Credit unions are countercyclical, because you only have to serve your members. All of your members, and that means messaging should be different for people in different phases of their financial life’s journey.

Our strategic partner, Open Lending recently rant an interesting blog, Boomers Have More to Offer Credit Unions’ Auto Loan Portfolio Than You Might Realize, explaining their sphere of influence regarding auto lending. Don’t count this generation out! They control 70% of disposable income in the US, they have good credit and they’re not afraid to borrow, according to BC Strategies CEO Bryn Conway. Target them with classic cars to remind them of their youth, and because they spend 28% more on cars than Gens X and Y combined! They’re all about experience over pricing.

Conway also spoke at MDDCCUA, and she pointed out that we often hear that millennials aren’t borrowing; maybe they weren’t at one time, but they are now. Some of the usual milestones of adulting may have slowed because of massive student debt, but she predicted that pent up demand is about to burst. Cars and homes are the products to serve up to this generation, and they particularly like following referral advice from friends and family. Treat their Gen X parents and boomer grandparents right, and you’ll have a better chance at their business. Additionally, Gen Y does not carry much cash, but prefers credit cards with robust rewards programs. This generation also responds best to direct mail – you read that right – so hit them up with a direct mail campaign, plus digital and social media marketing. Ser Tech can help! Contact us today!

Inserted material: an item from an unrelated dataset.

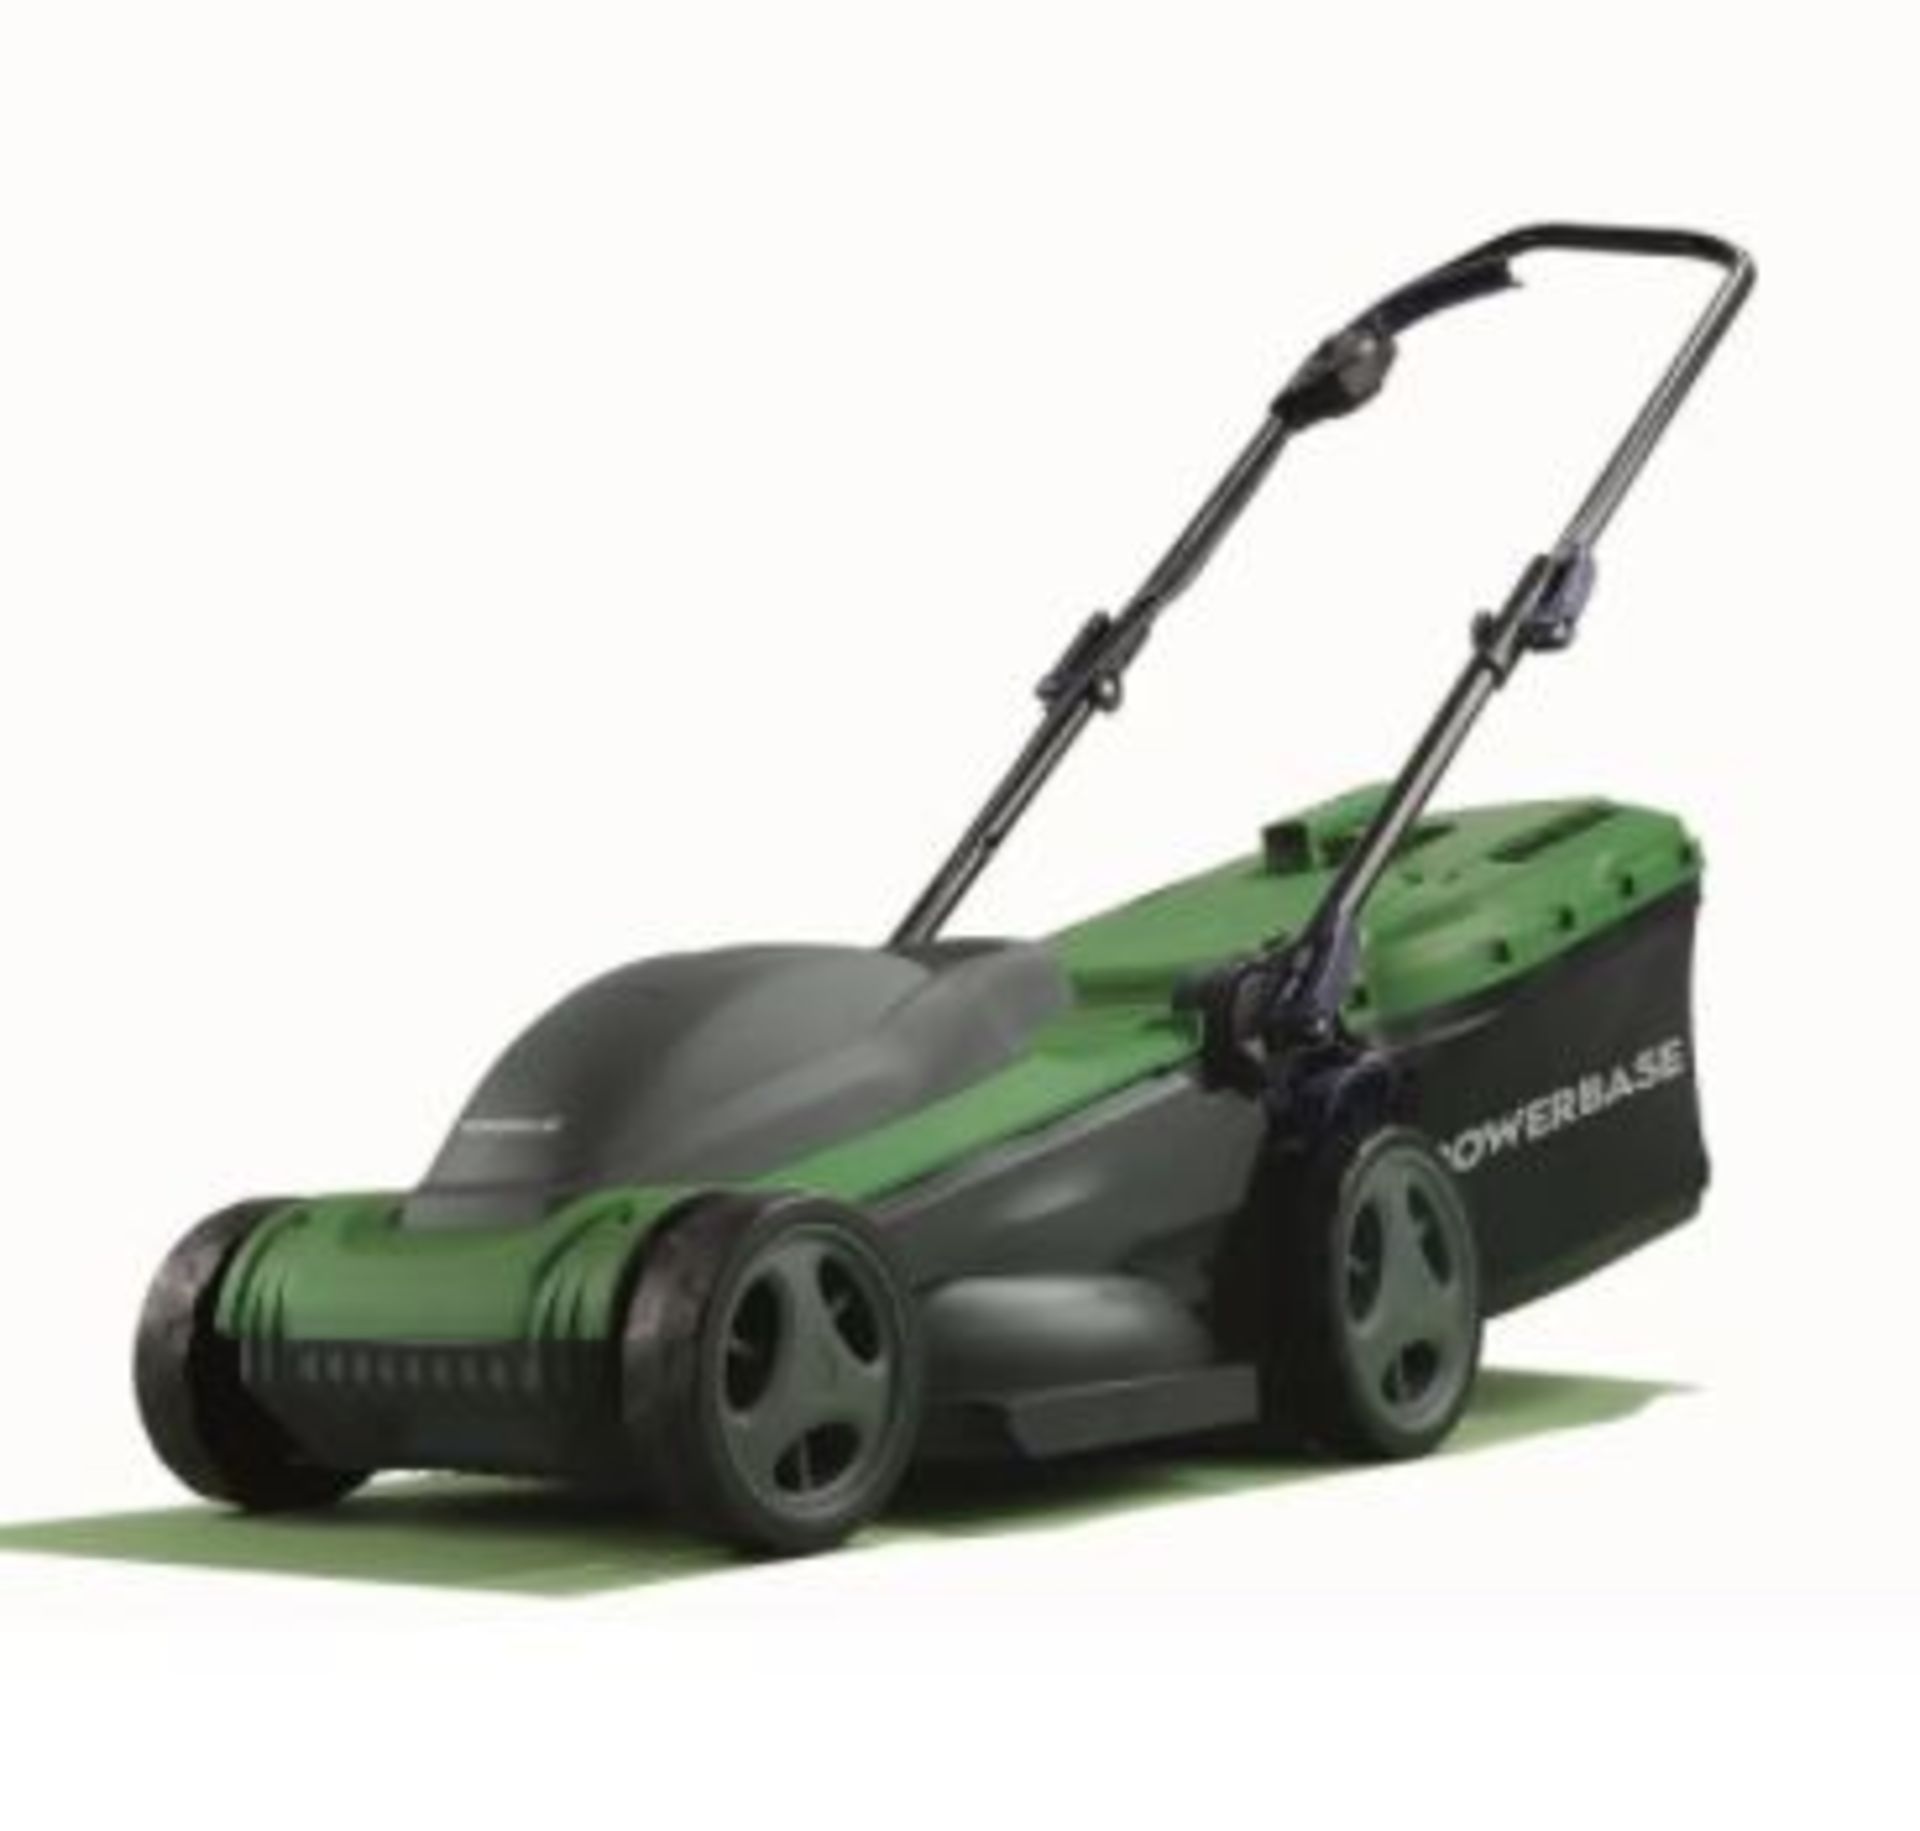 (R4E) 3 Items. 1x Powerbase 34cm 1400W Rotary Lawn Mower. 1x Qualcast 1400W Rotary Lawn Mower. 1x P

Gen X may be small, but they, too, should not be neglected. Gen X is generally skeptical, so messaging must be transparent. Conway explained that age 54 is when you spend, earn and save the most, and Gen X is not particularly brand loyal, so they’re the perfect target for auto loan recapture campaigns and home refinancings.

The economy could be heading for a slowdown, but your credit union doesn’t have to! Use what you’ve got to your advantage: tons of data on your members, a personal touch and countercyclical business model that is a recipe to more than weather the storm.